There must be an error somewher, and from those clues I would lean towards transforming to state space. But where?
This should be enough to tell me if it's something fundamental - if all seems good though, I can upload pictures of my notes.
Here is to illustrate: the upper state space model contains the total differential equation, and the 3 others are the differential equations of the cricuit for each power source.

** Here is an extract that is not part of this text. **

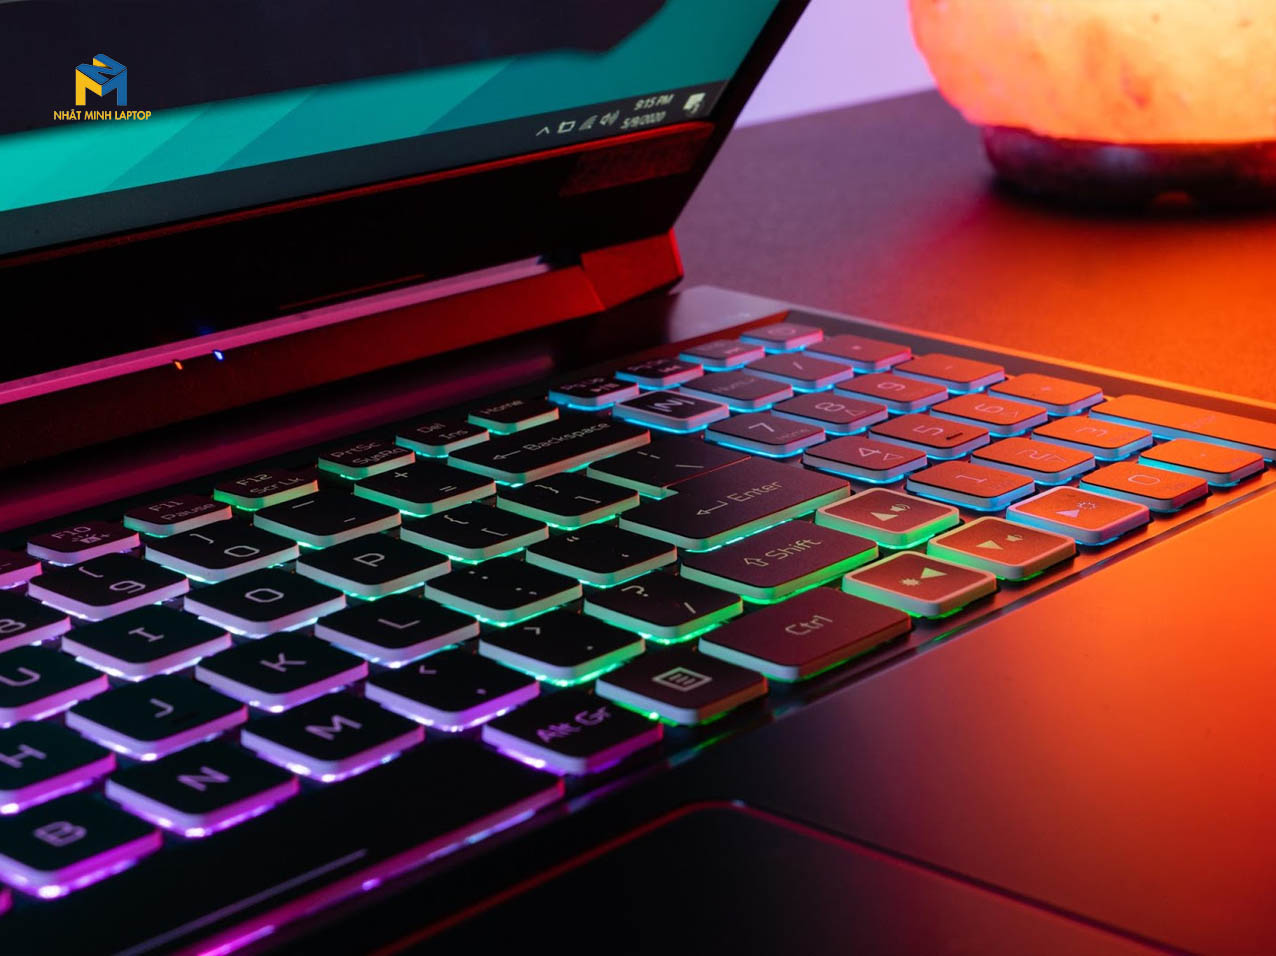 Laptop Gaming Acer Nitro 5 AN515-55

By your logic the total differential equation should start with $3 \ddot{V}_0$. But I think you misinterpreted the Superposition Theorem. It states that if you have $y_i$ output for $u_i$ input, then you will have $\sum_i y_i$ output for $\sum_i u_i$ input, for a given system, i.e. for a single differential equation. What you have is 3 independent differential equations and you can't just "sum" them. You need to see that these are different equations and each of them has 2 states like following:
$$\begin{bmatrix}\dot{V}_{01} \\ \ddot{V}_{01} \\ \dot{V}_{02} \\ \ddot{V}_{02} \\ \dot{V}_{03} \\ \ddot{V}_{03} \end{bmatrix} = \begin{bmatrix} 0 & 1 & 0 & 0 & 0 & 0 \\ -\gamma_1/\alpha_1 & -\beta_1/\alpha_1 & 0 & 0 & 0 & 0 \\ 0 & 0 & 0 & 1 & 0 & 0 \\ 0 & 0 & -\gamma_2/\alpha_2 & -\beta_2/\alpha_2 & 0 & 0 \\ 0 & 0 & 0 & 0 & 0 & 1 \\ 0 & 0 & 0 & 0 & -\gamma_3/\alpha_3 & -\beta_3/\alpha_3 \end{bmatrix} \begin{bmatrix}{V}_{01} \\ \dot{V}_{01} \\ {V}_{02} \\ \dot{V}_{02} \\ {V}_{03} \\ \dot{V}_{03} \end{bmatrix} + \begin{bmatrix} 0 & 0 & 0 \\ \delta_1/\alpha_1 & 0 & 0 \\ 0 & 0 & 0 \\ 0 & \delta_2/\alpha_2 & 0 \\ 0 & 0 & 0 \\ 0 & 0 & \delta_3/\alpha_3 \end{bmatrix} \begin{bmatrix}I_1 \\ V_1 \\ V_2 \end{bmatrix}$$
$$ y = \begin{bmatrix}1 & 0 & 1 & 0 & 1 & 0\end{bmatrix}\begin{bmatrix}{V}_{01} \\ \dot{V}_{01} \\ {V}_{02} \\ \dot{V}_{02} \\ {V}_{03} \\ \dot{V}_{03} \end{bmatrix}$$
To see why summing up the differential equations won't work, consider these equations:
$$\dot{x}(t) + 2x(t) = u(t) \\ \dot{x}(t) + 3x(t) = u(t)$$
where $u(t)$ is the step function and $x(0)=0$. These equations have the solutions $(1-e^{-2t})/2$ and $(1-e^{-3t})/3$ respectively. Summing these equations yields the following equation
$$2\dot{x}(t) + 5x(t) = 2u(t)$$
which has the solution $2(1-e^{-5t/2})/5$, which is not the sum of the solutions of the above equations.